'90s Japanese Performer Sues to Remove Titles from Streaming Site

'90s Japanese Performer Sues to Remove Titles from Streaming Site

TOKYO — Former Japanese performer Miyuki Ariga is suing adult streaming site Fanza to remove four titles in which she appeared in 1994.

The 49-year-old Ariga alleges that her contract at the time stipulated the movies would only be shown in a limited number of adult movie theaters, the Japan Times reported.

Ariga alleges that the titles have been distributed on DVD for over a decade and says that she only learned in January that four of her movies could be streamed on Fanza.

Ariga is seeking 1.5 million yen ($9,500) in damages, in the Tokyo District Court. Ariga’s lawyer says she unsuccessfully tried to track down the director of the movies.

A Fanza rep told Friday Magazine that it “only hosts the works on its website after signing contracts with companies that hold the rights to them” and that it is “not involved in contracts with the performers.”

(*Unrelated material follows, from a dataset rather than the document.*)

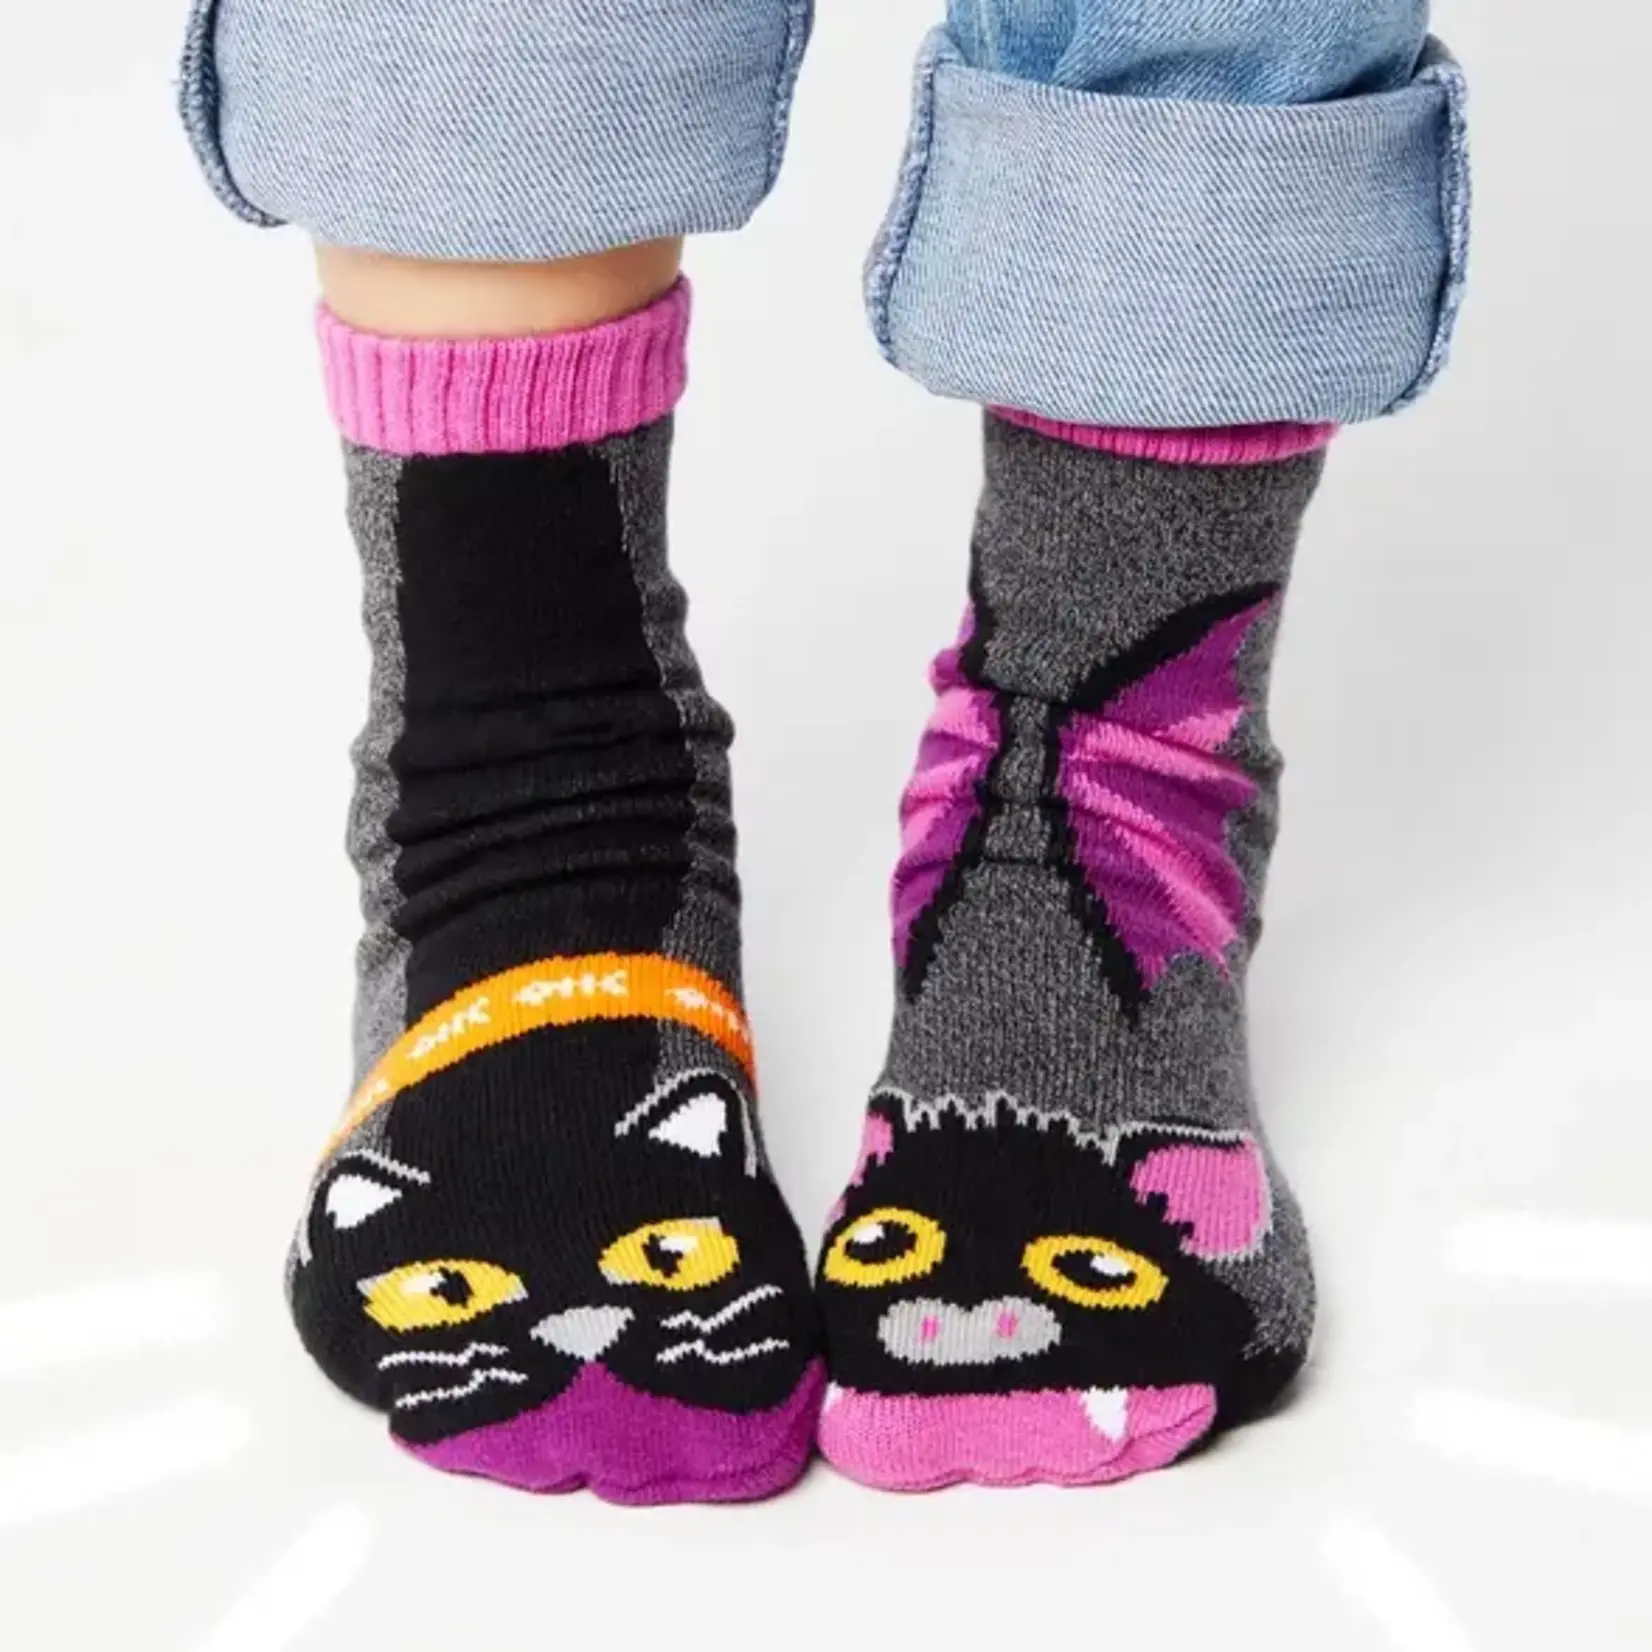 Pals Socks - Halloween Bat & Black Cat, Ages 9-12

As XBIZ reported, a controversial 2022 law now regulates the country’s adult video (AV) sector. Ariga — who does not have a copy of her 1990s contract — was reportedly inspired to file the lawsuit Monday by the new law’s provisions for removing content if performers change their mind about having appeared in adult content.

Under the law, adult performers can withdraw contractual consent given to companies that distribute adult material in which they appear, effectively rendering adult industry contracts unenforceable.

A recently formed industry trade organization, the AV Thinking Group — co-led by veteran director and activist Hitoshi Nimura and international performer Marica Hase — objects to the law, drafted by anti-porn crusaders in a climate of media panic stories.

The law came about when a seemingly unrelated legislative debate about lowering the age of legal majority in Japan quickly devolved into a sensationalist campaign concerning adult performers aged 18-19. A bill lowering the age of majority from 20 to 18 passed unanimously in a plenary session of the nation’s House of Representatives, which was followed by a steep increase in anti-porn rhetoric.

Although the 2022 law is not retroactive, Ariga “is seeking an injunction through which the court could order the deletion of the movies despite the fact that they were shot 30 years ago,” the Japan Times reported.